As críticas de 1911 a 1913 mencionam Georgina, mas não se detêm na análise de seus
quadros. Outros poucos nomes de mulher são citados nessas críticas. Todas elas dão
consideradas “as notas mais simpáticas da exposição”, como diz o texto publicado em
setembro de 1913, no Jornal do Commércio. Atribuir simpatia às obras das pintoras (ou a elas
mesmas) significa desqualificá-las do ponto de vista artístico, já que este quesito não aparece
em referência aos pintores homens. Podemos, a partir desse último exemplo, perceber que o
silenciamento sofrido por Georgina constitui reflexo do silenciamento sofrido pelas mulheres
pintoras.
Argumento de autoridade
Ao construir a argumentação, o enunciador deve, antes, definir seu público-alvo,
evitando assim as falácias argumentativas. Conhecer bem o enunciatário possibilita ao
enunciador a utilização de recursos argumentativos adequados ao público a que se dirige,
aumentado as chances de seu discurso ser interpretado como verdadeiro.
As críticas publicadas em jornais e revistas não especializadas pressupõem um leitor
que não possui interesse particular sobre o assunto, podendo eventualmente ler a coluna
destinada ao comentário da arte.
Para convencer este público geral, o crítico de arte vai desenvolver diversos
mecanismos argumentativos para convencer seu leitor da qualidade da obra de determinado
pintor. E um dos processos mais eficientes é o do argumento de autoridade, em que o
enunciador qualifica-se, mostrando domínio sobre o assunto, levando assim o outro a crer na
sua capacidade de julgamento das obras comentadas:

Aa qualidades emotivas, viventes na pequena tela, são flagrantes, não escapam mesmo
aos olhos dos menos experimentados em questão de estética. (Illustração Brasileira
fev./1926)

Um entendido notaria talvez, no conjunto, certa falta de harmonia, de equilíbrio; mas


seria, talvez, uma simples impertinência... (Revista do Brasil, set./1916)

(...) onde os exigentes poderão notar ser menos exata a perspectiva aérea, uma certa
indecisão nos valores, menos bem observada a disposição dos planos e a frouxidão do
modelado. (Idem)

Para convencer o enunciatário da presença ou ausência de qualidade em uma obra, o


enunciador deve mostrar conhecimento sobre aquilo de que fala. Afirmar que um entendido
notaria uma falta de equilíbrio na obra comentada significa não somente que o enunciador
domina o assunto (por perceber o desequilíbrio), mas também que é superior ao “entendido”,
pois este interpretaria como defeito o que se apresenta como “simples impertinência”.
Para julgar o valor de uma obra, o enunciador precisa basear-se em alguns critérios.

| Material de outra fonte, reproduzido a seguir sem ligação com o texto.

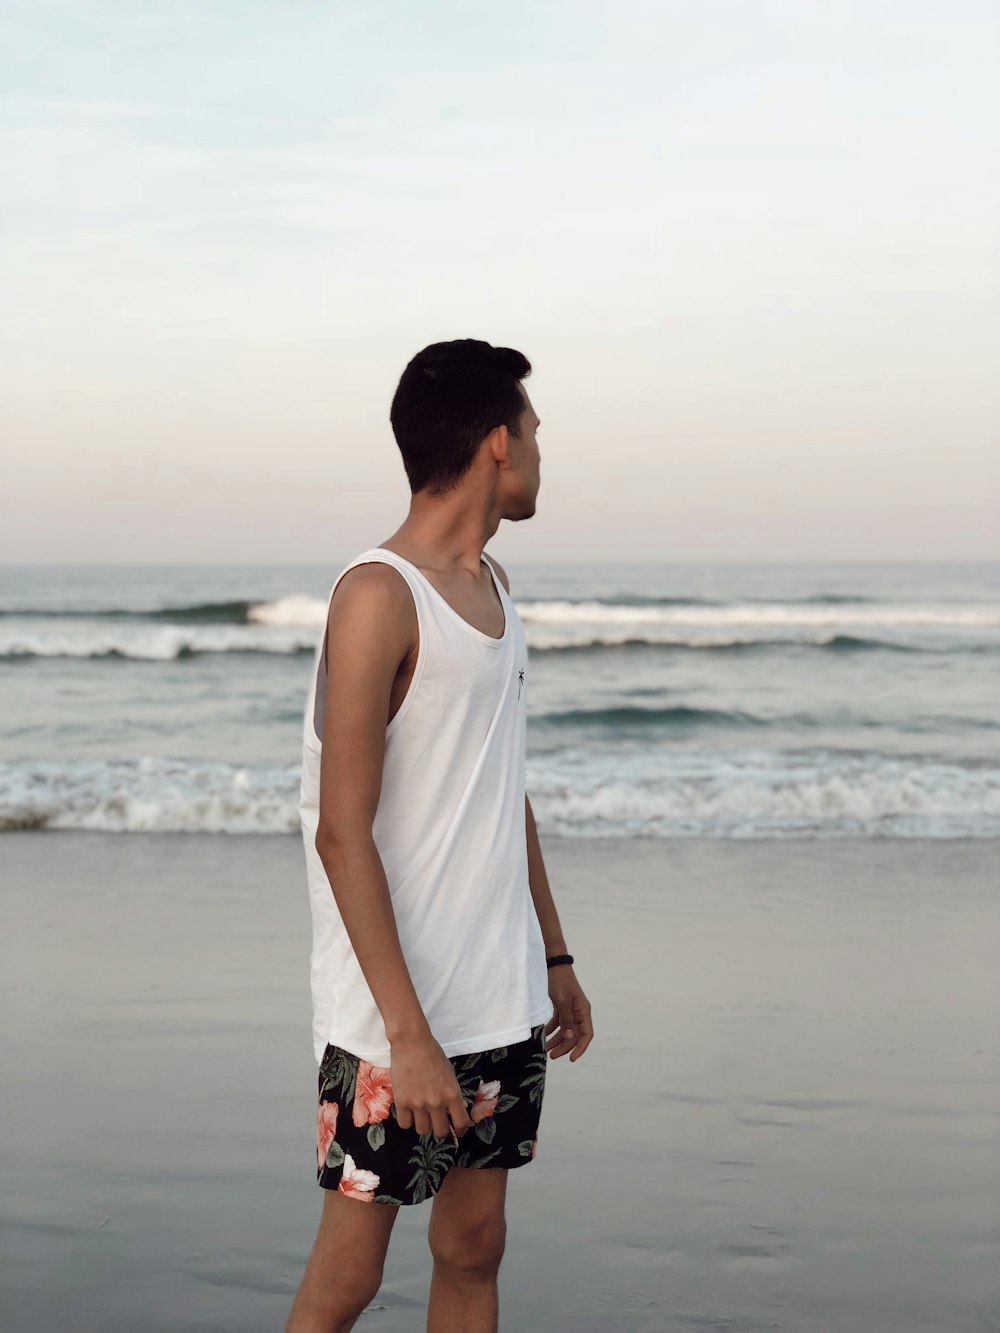 Imágenes de Hombre De La Playa | Descarga imágenes gratuitas en Unsplash

No
conjunto de textos críticos que falam sobre a pintora, podemos observar que eles constroem,
“aos pedaços”, a imagem do que deveria, na época, ser considerada uma boa produção. Dessa
forma, realizamos um levantamento dessas ocorrências e observamos que para ser considerada
uma obra de arte de qualidade, esta deveria apresentar desenho firme, rico em detalhes,
harmônico, com boa distribuição luz/sombra, perspectiva linear e aérea bem feita, entre outras
características. Estas constituem, portanto, os aspectos que devem ser observados e julgados
por esse crítico de arte, funcionando como parâmetros para as análises realizadas. Além das
marcas observáveis nas obras, são bem aceitas determinadas características dos pintores, como
por exemplo, ser sincero, pintar com a alma, flagrar a verdade, etc.:

(...) se apodera com amor dos temas que escolhe e os interpreta com a sinceridade,
numa maneira segura e nada mesquinha. (Jornal do Commércio, set./1915)

(...) o amor com que executa suas telas. (Illustração Brasileira, nov/1923)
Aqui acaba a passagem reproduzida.